Fatigue Behavior of Laser Powder Bed Fused GRX-810 Alloy: Effect of Post-Processing

This study examines the influence of post-processing operations, i.e., surface machining and hot isostatic pressing (HIP), on the fatigue behavior of newly developed, oxide dispersion strengthened GRX-810 alloy at room temperature. The GRX-810 specimens are manufactured via laser powder bed fusion additive manufacturing technology. The effects of individual and combined post-processing operations are investigated by comparing the micro-mechanisms affecting the fatigue behavior of un-machined specimens with machined ones in non-HIP and HIP conditions. Crystallographic facets are found at the crack initiation sites of both machined and unmachined specimens, which are due to operation of persistent slip bands.
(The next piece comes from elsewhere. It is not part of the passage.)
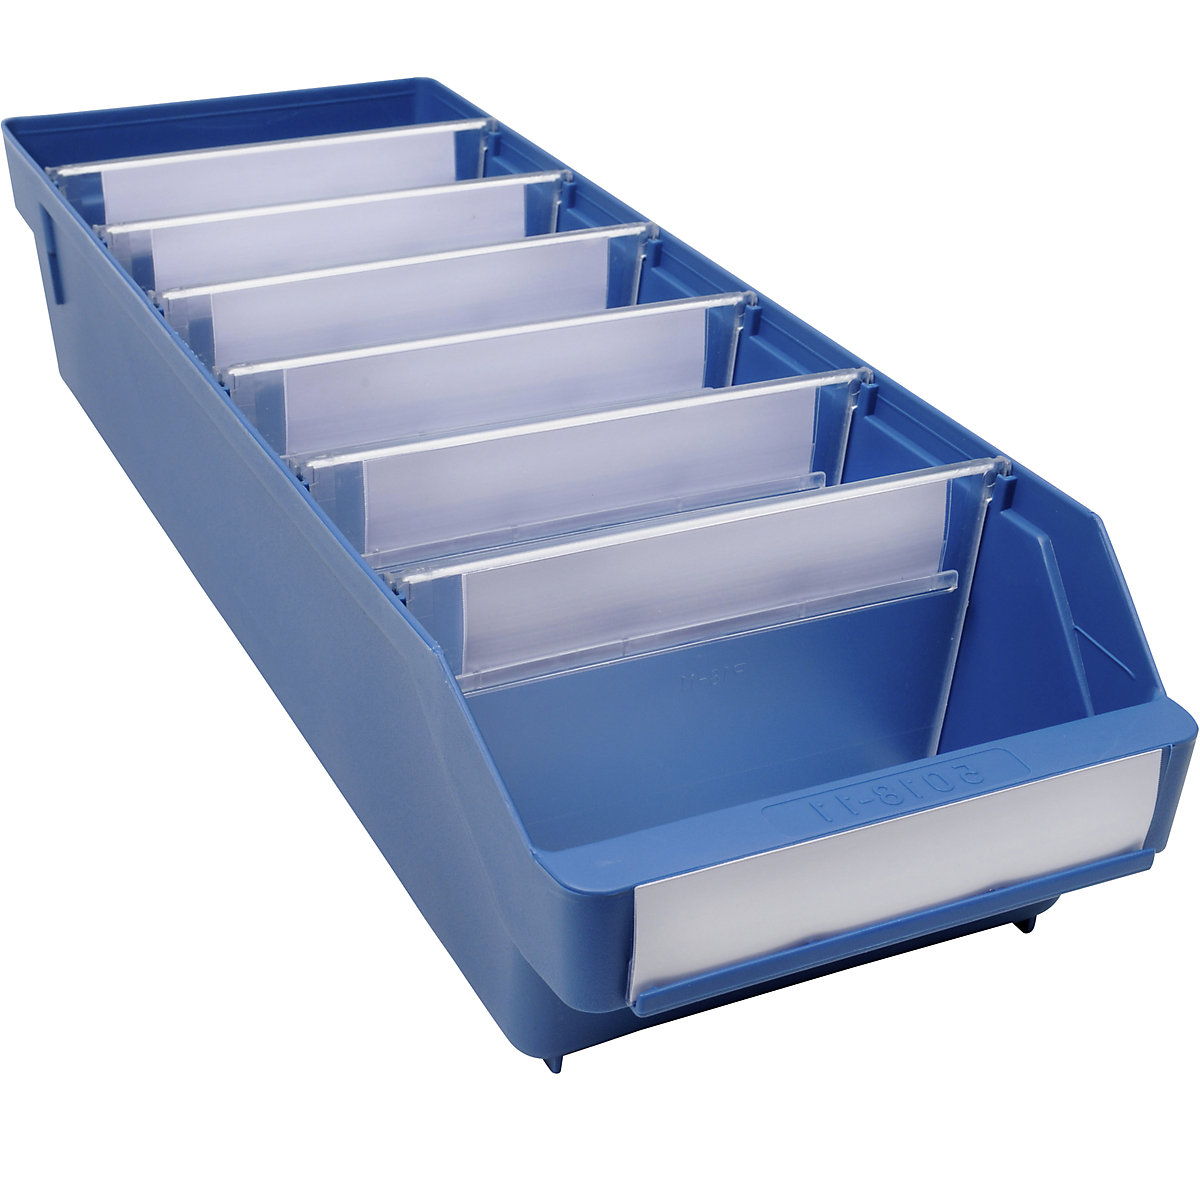 Shelf bin made of highly impact resistant polypropylene – STEMO, blue, LxWxH 500 x 180 x 110 mm, pack of 20-8

Surface defects (i.e., surface micro-notches) and volumetric defects promote the formation of persistent slip bands (PSBs), accelerate fatigue crack initiation, and reduce fatigue life. By removing and minimizing these defects, both machining and HIP improve fatigue resistance. In addition to its reducing effect on volumetric defects, HIP also improves fatigue lives by forming large populations of intragranular carbide particles which could impede PSBs and delay crack initiation. Finally, the combined operation of both machining and HIP results in in the best fatigue resistance.